Andy Munter is the owner of Backwoods Mountain Sports in Ketchum and an Idaho Rivers United board member. He says sockeye are the "canary in the coal mine" for the health of the river.

"If we know that they're coming back, we know that we have a relatively free-flowing river, relatively cool river, relatively free of pesticides and some of those other problems," he states. "But when they don't come back, we know we have problems in that whole corridor."

Idaho's natural-origin sockeye, or sockeye born in Redfish Lake, are at drastically low numbers. Munter says only 14 returned from the ocean last year.

He says one challenge for sockeye and other endangered fish species is the four dams on the lower Snake River, which the fish use to get to and from the ocean.

Combined with a warming climate, Munter says water temperatures behind the dams could spell doom for more sockeye in the future.

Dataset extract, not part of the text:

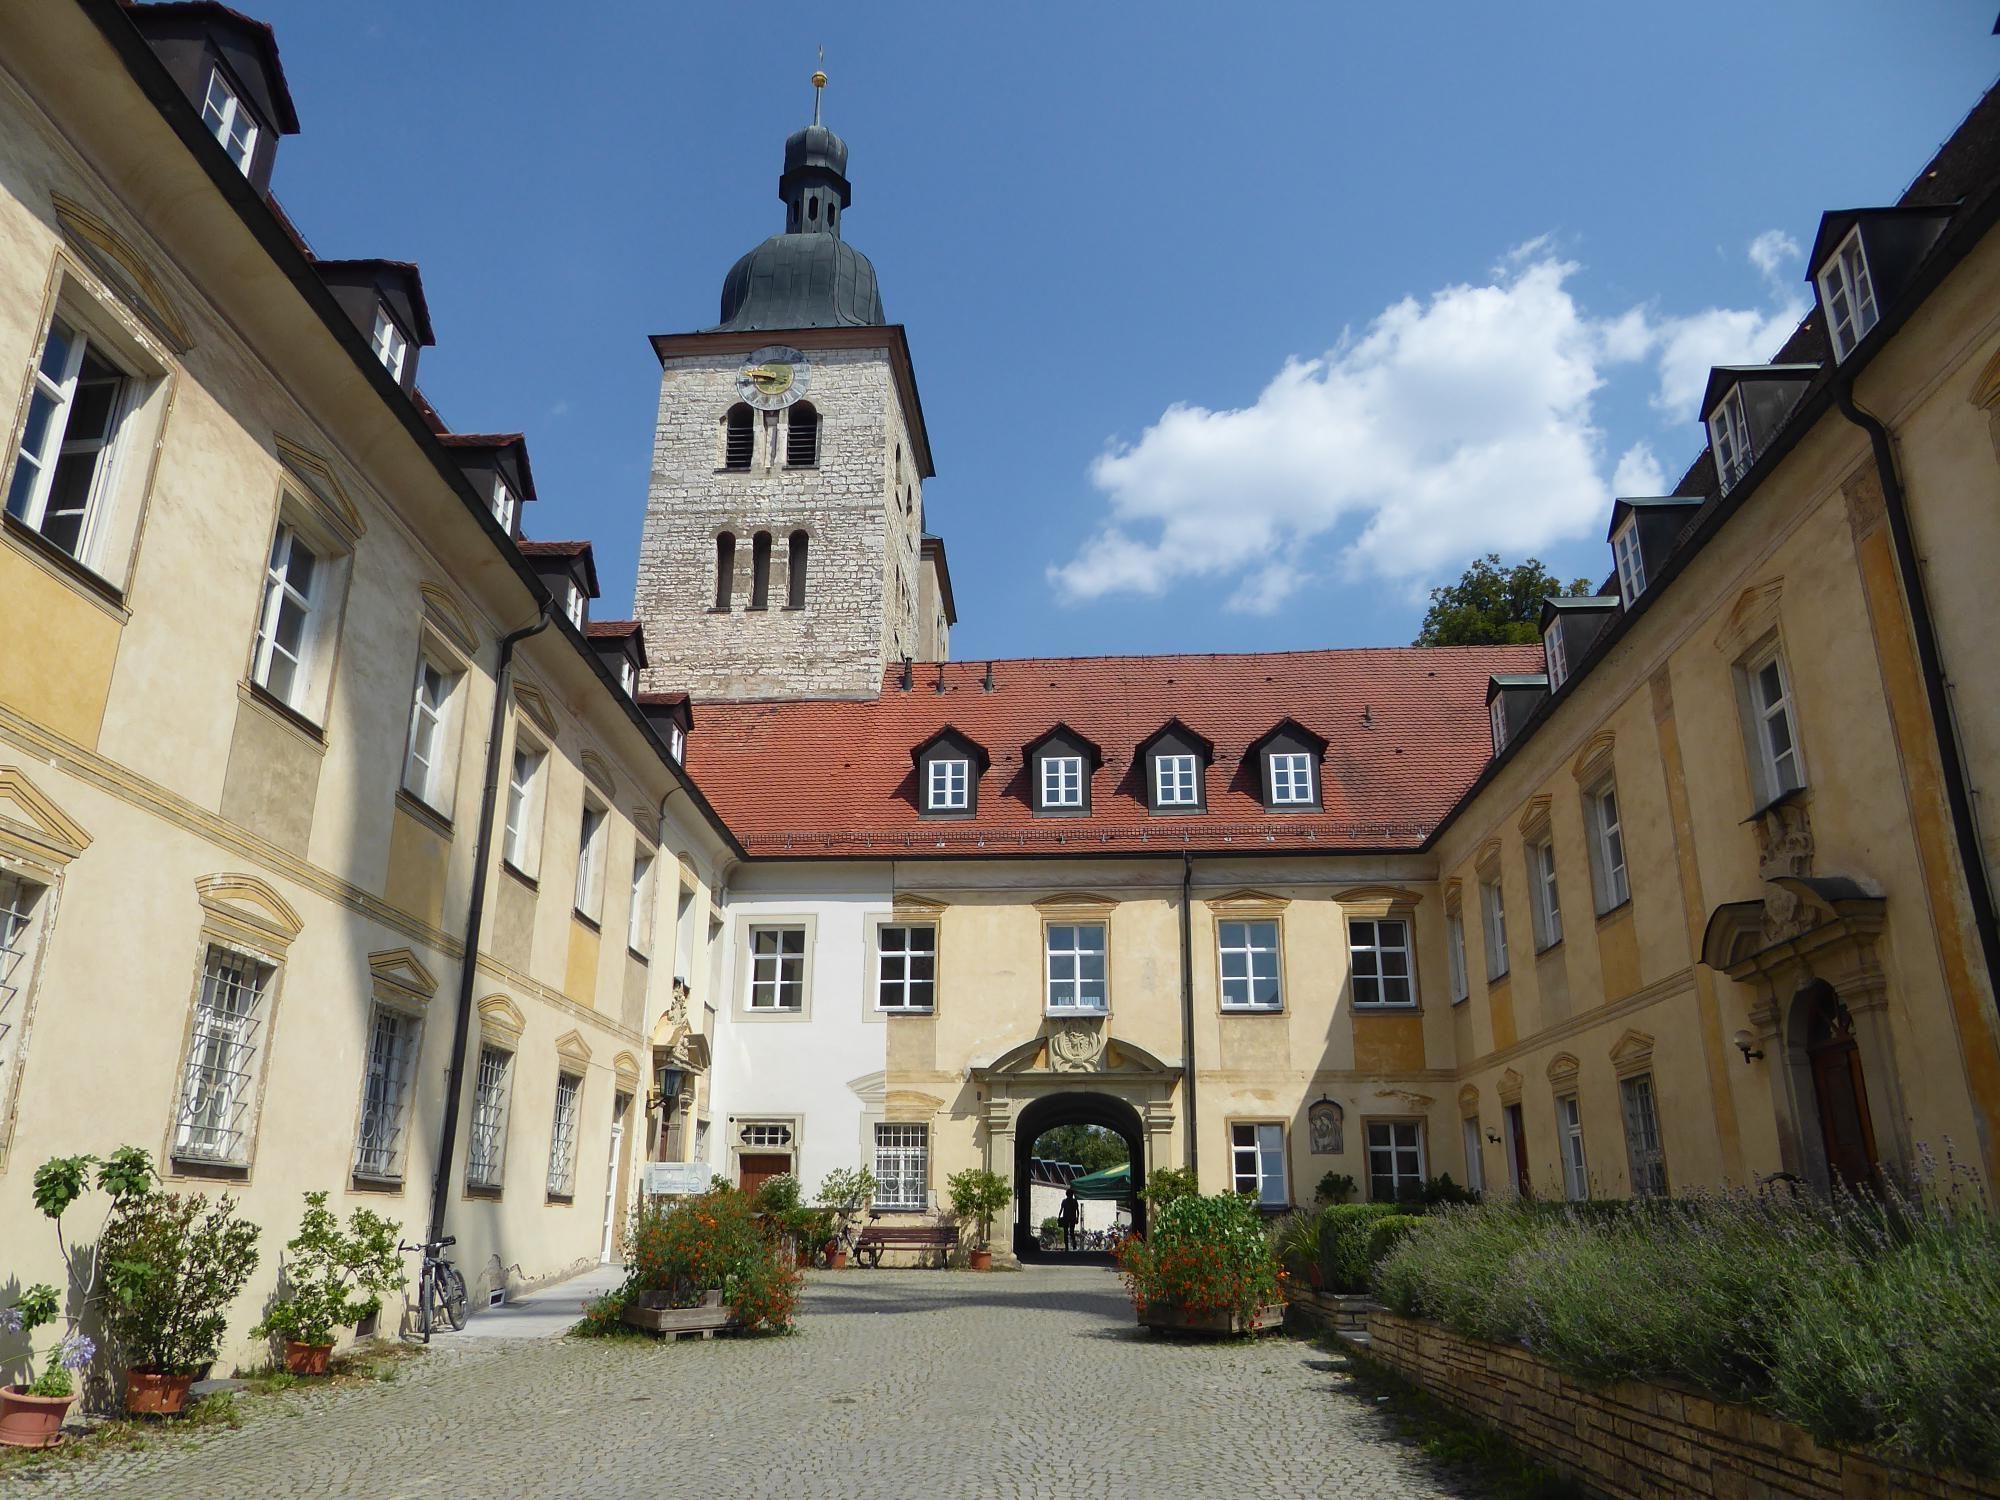 Sommerserie Spirtuelles Reisen Kloster Plankstetten 09 08 2020 19

"They stop migrating back up when temperature gets into the high 60s and all die in some of the lower reservoirs like happened a few years ago," he explains.

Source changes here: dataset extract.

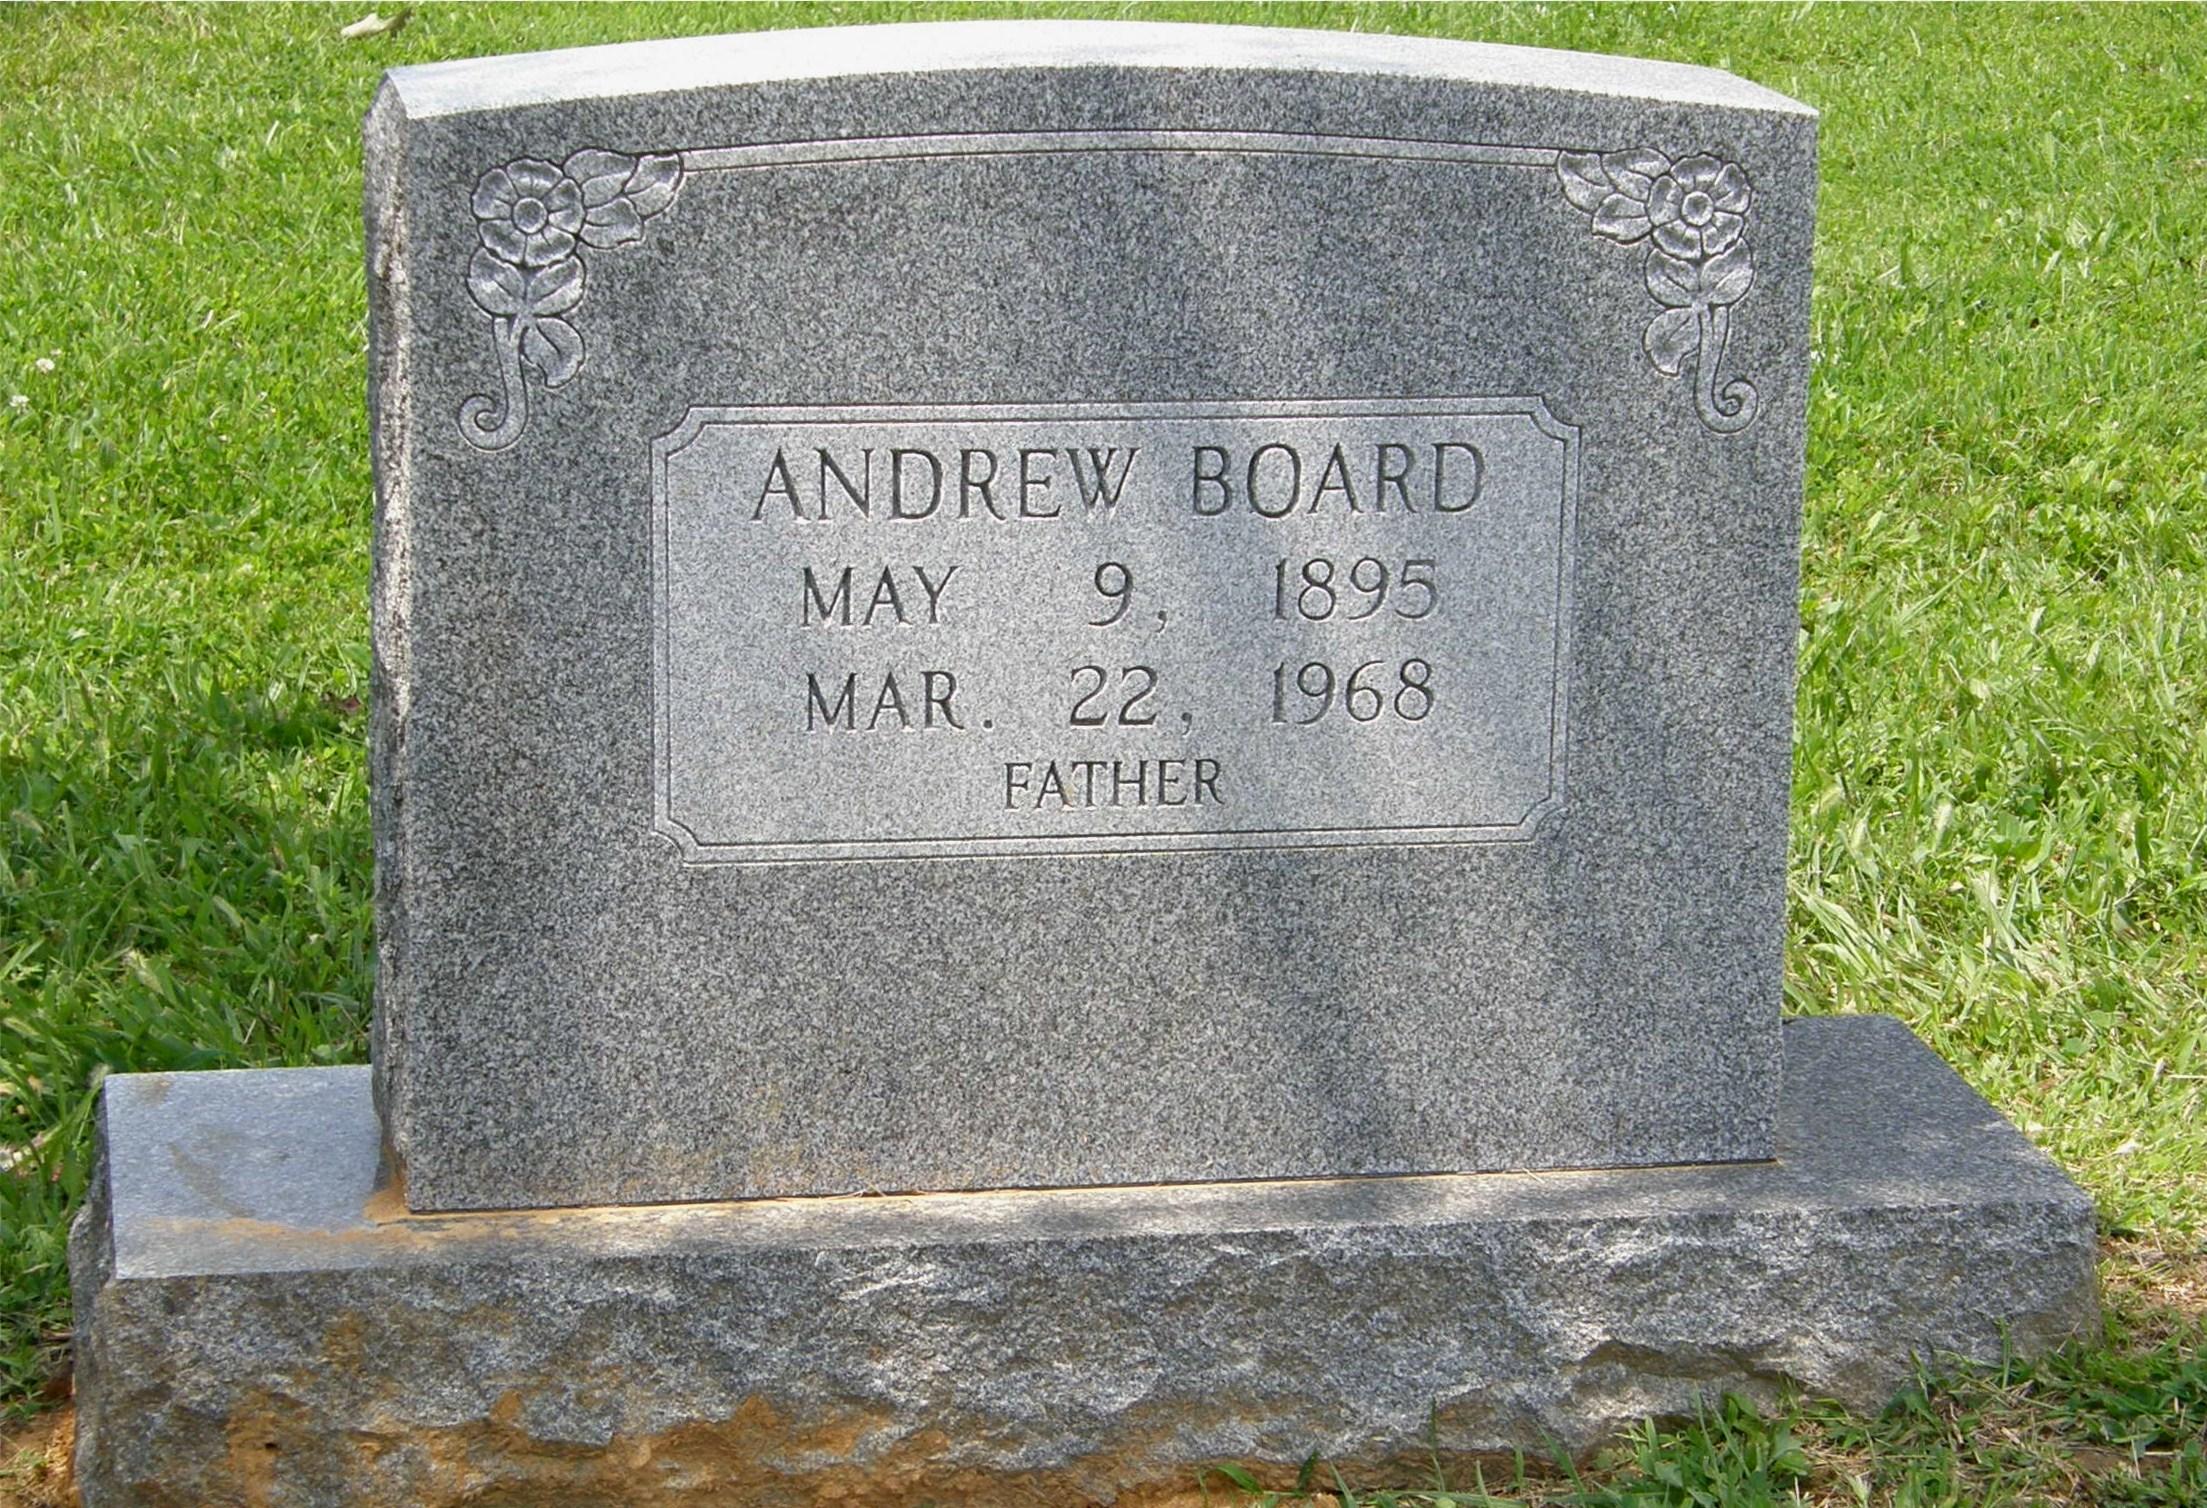 Andrew Board

The executive director of the Idaho Wildlife Federation, Brian Brooks, says impediments such as the dams and warmer waters have drastically changed fish migration. The journey from Redfish Lake to the ocean used to take two days.

"Now, it can take upwards to 40 days to try to find the current and get their way to the ocean," he points out.

Brooks says even decent returns of salmon and steelhead can account for a quarter of rural river communities' income, meaning healthier rivers would support Idaho economically.

Brooks says the fish are resilient and will return if they have the chance.

"People in the Northwest -- we should be in the business of preserving miracles, and we have one right in front of us," he stresses. "And if we do nothing it will go away. That's what the sockeye are telling us -- that all the species are headed that way if we don't do anything."